Copy without creating folders

Is there a way to copy a bunch of nested files to a destination without creating directories in destination?

So what i want is:

"rclone copy /path/folder/ remote:destination --include *.txt"
the /path/folder contains the following
/path/folder/subfolder/text1.txt
/path/folder/subfolder/text2.txt
/path/folder/subfolder/text3.txt

i want text1.txt, text2.txt and text3.txt to be copied to remote:destination without creating the subfolder

Am i making sense?
Thank you

copy it with rclone copy
mount it with rclone mount

run:

$ find /yourdirectory -mindepth 2 -type f -exec mv -i '{}' /yourdirectory ';'

This will recurse through subdirectories of yourdirectory (mindepth 2) and move (mv) anything it finds (-type f) to the top level directory (i.e. yourdirectory)

If you are on windows you will need WSL... I'm sure you could do this without it but I don't speak PowerShell...

You are making sense and this isn't something rclone does at the moment.

Perhaps it should?

Rclone could have a --flatten flag which does what you propose.

What do you think rclone should do if it finds two files with the same name? Or leave that problem to the user?

1 Like

Without reading any docs, I would expect as default behavior for any move/copy utility a "Replace/Skip/Rename" prompt when there are name collisions. Or just an ERROR: File Exists in Destination

I don't think leaving them in place is a good idea, because you could potentially end up with a single orphaned file beneath many levels of subdirectories, and that sounds like a nightmare haha

Since rclone copy just overwrites name collisions, I'm not sure where else to look in the rclone-verse for consistency...

A "duplicate name" error is a good idea I think.

Rclone copy assumes that you are copying the same file from A->B but with --flatten that assumption might be broken.

I'm also thinking whether --flatten should apply to all the rclone commands move/copy/sync/lsf/ls etc. That would be the obvious way to implement it in rclone.

If implemented as an argument would there be a way to flatten existing directory structures?
Or would one need to decide if they wanted "flat" storage at the outset and stick with that

I guess you could do an rclone move --flatten remote:source remote:flattened to flatten the structure on the server then rename flattened back to source.

My only concern would be:
If you want "flat" storage, can that decision be made at any time, or must one design their storage layout that way from day 1?

I think the ability to "flatten" is of limited use if not designed to be able to retroactively flatten a given remote (i.e. if it only works on the initial upload).

Im glad discussions were started, its not a huge problem for me but it would be nice :slight_smile:

I think I was thinking of a very simple flatten (which is what I've had the most requests for) which would just take the leaf names of the existing files and write them in a single dir

So

/a/file1.txt
/a/b/file2.txt
file3.txt

Would become

file1.txt
file2.txt
file3.txt

It would be relatively easy to swap from one to the other - you could run a sync with --track-renames - that would work.

You aren't the first person to ask for this feature!

Would it be possible to dump the process of --track-renames to a json or csv along the way, so that one has an index/manifest of the flattening process?

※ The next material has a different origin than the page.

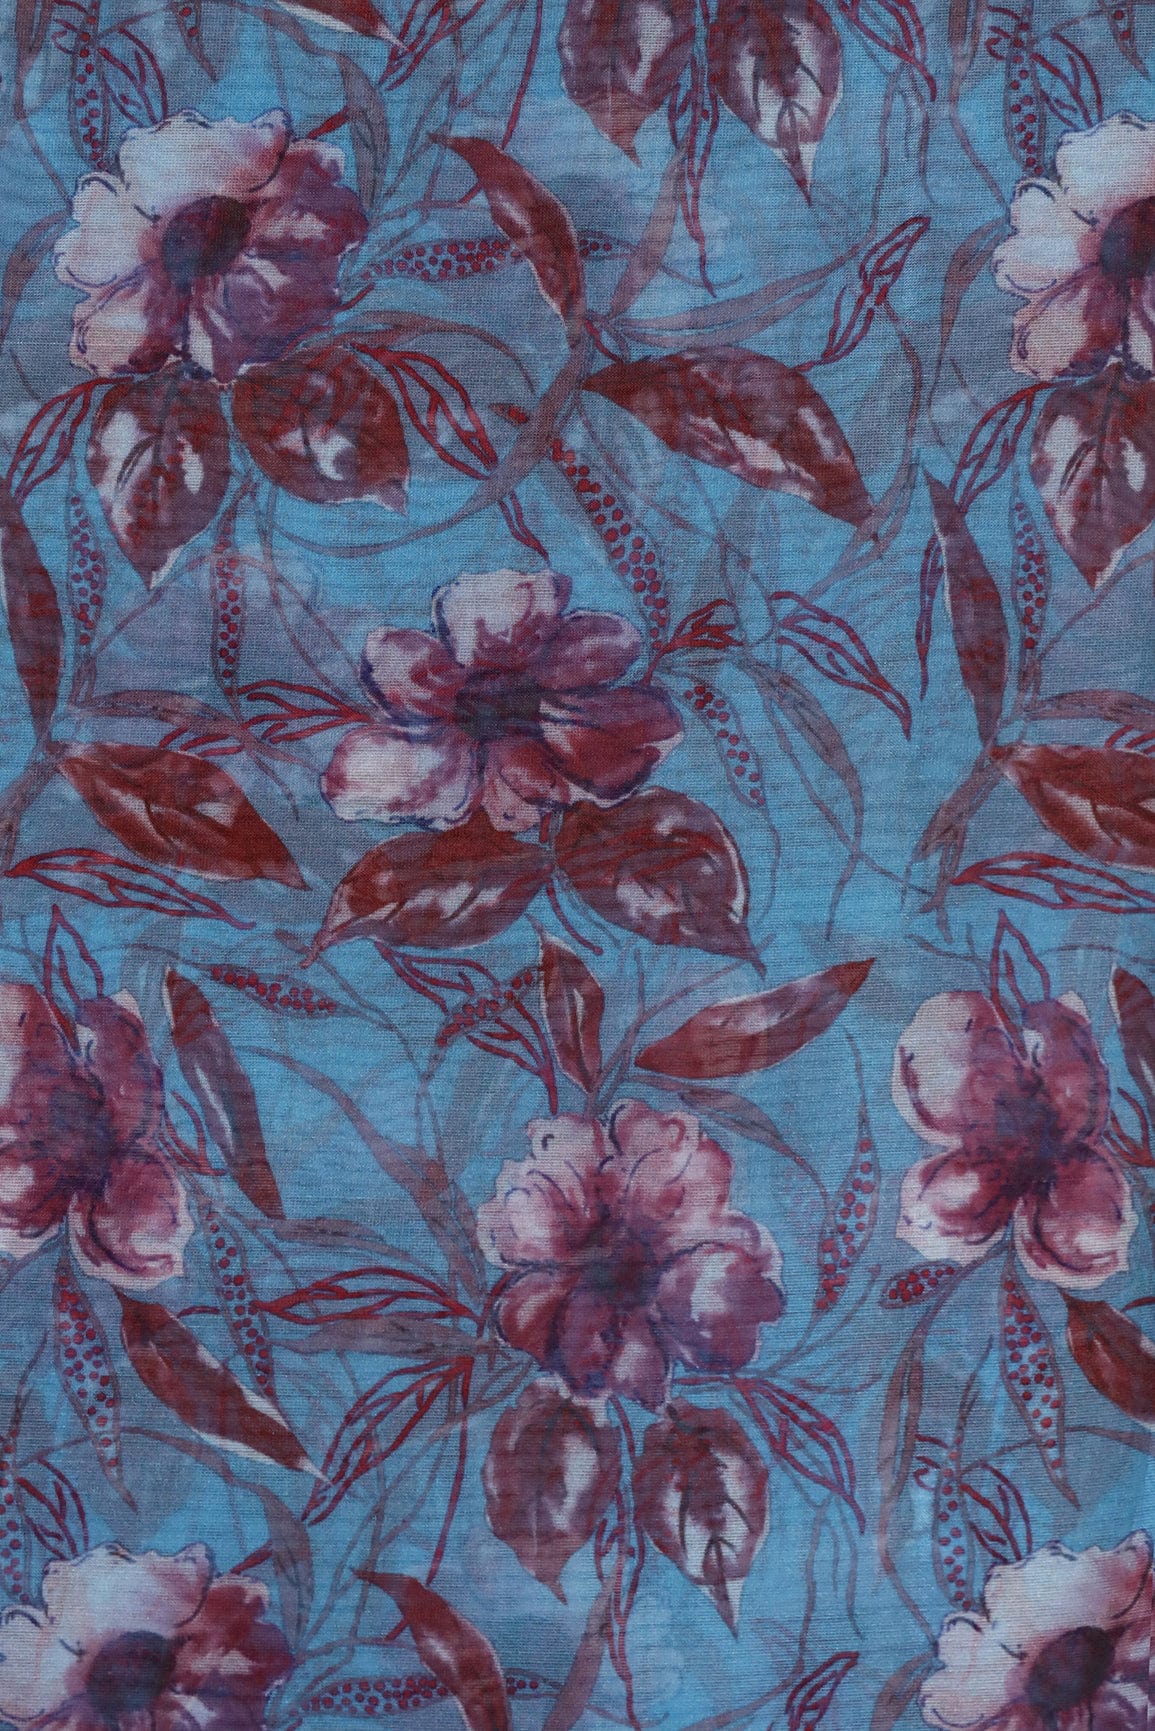 doeraa Prints Brown Floral Digital Print On Light Blue Organza Fabric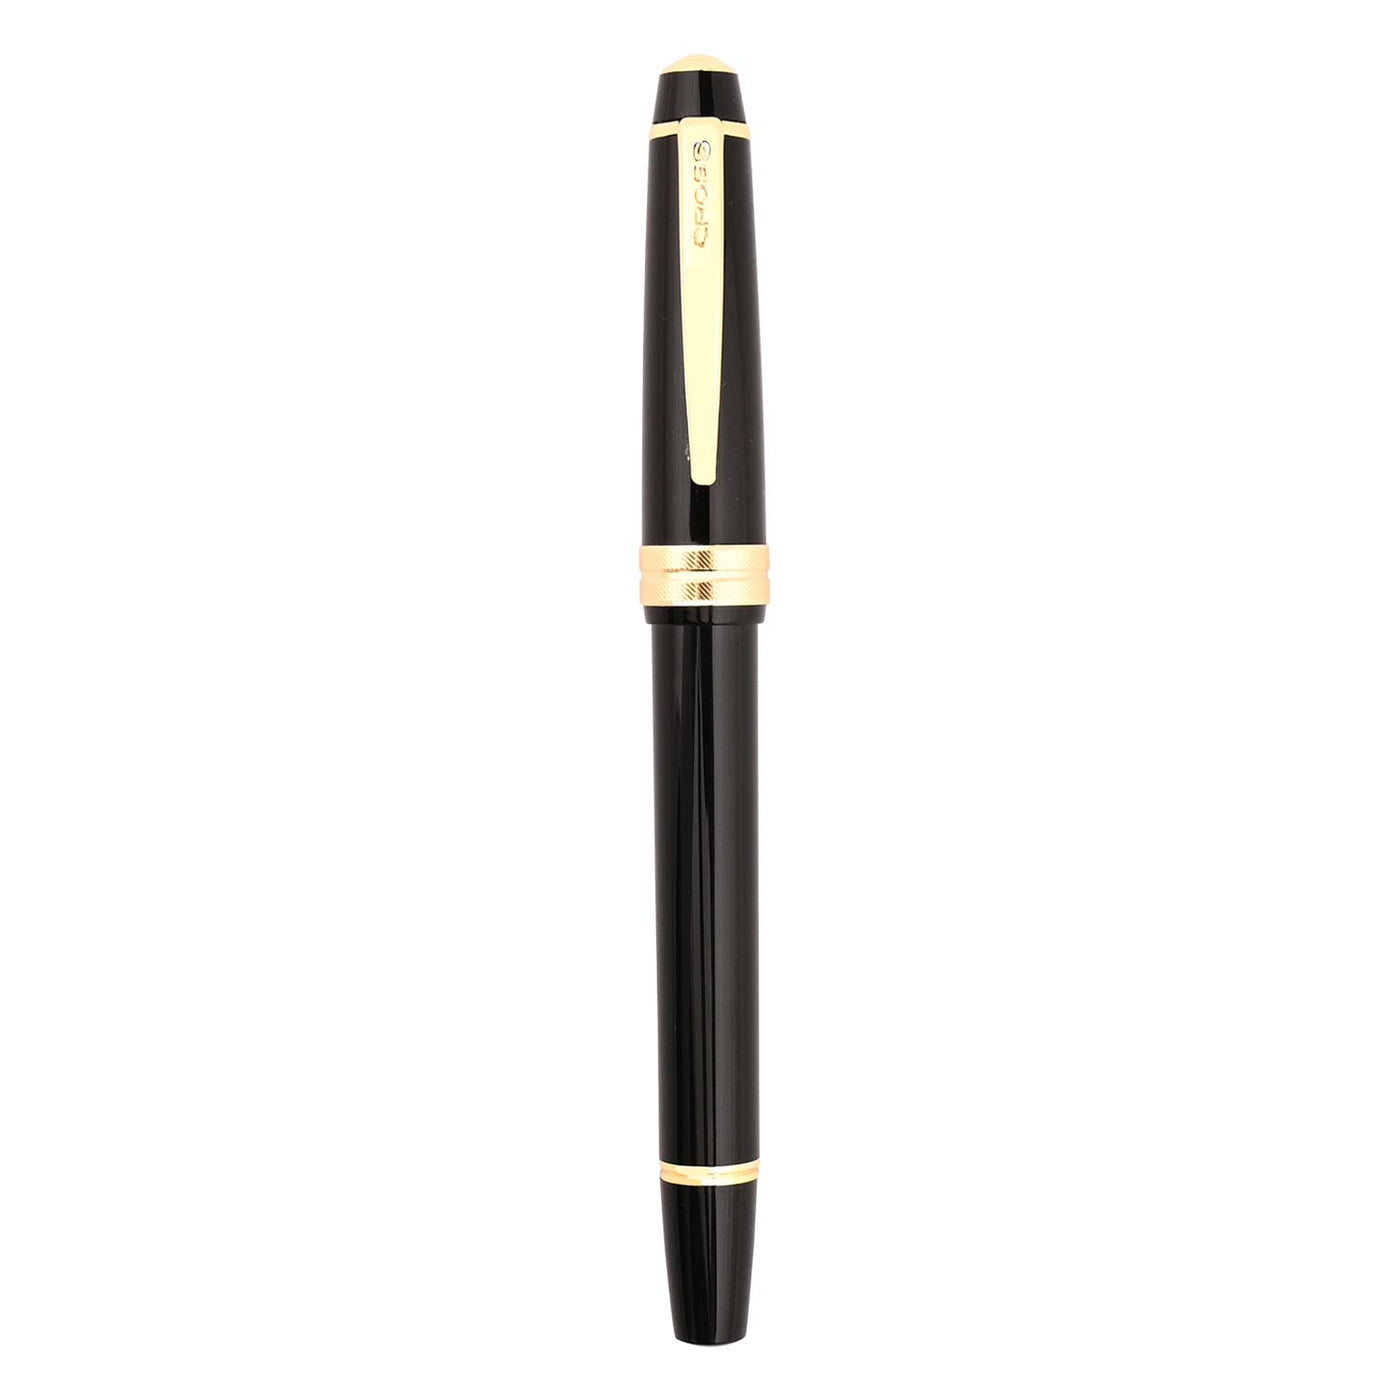 Cross Bailey Light Roller Ball Pen - Black GT 6

Would that be simple?

It would also allow tracking of files that were not moved to due name collisions, if the preferred methodology is simply to skip files with duplicate names this could be a serious issue. For example, if one is moving photos, there might be dozens of thumbs.db files that get orphaned. Or index.html files if one is moving websites.

Since there is no "undo," when combined with --dry-run I imagine this would also allow a cursory glimpse of the outcome, in a format that would facilitate easy name changes before running --flatten (albeit changes would need to be made manually).

Or is this more complex than you envisioned?

You could run it with -v then it should log everything it does. Not quite as convenient as CSV but would help.

I think those files would make ERROR logs which would be easy to spot.

Well, I have a few different things I could use to test the --flatten feature once it's implemented (many subdirectories, many duplicate file names, etc.). Just let me know if I can be of assistance.

I need to think how flatten might be implemented...

I think what I could do is make it imply --fast-list so rclone would read the whole source listing into memory. That would give an opportunity to detect duplicate file names at that point before the transfer started. Rclone would then swizzle the directory structure of the objects around.

Doing it like that would mean you'd be able to do rclone ls --flatten which would be useful for testing if nothing else.

This topic was automatically closed 90 days after the last reply. New replies are no longer allowed.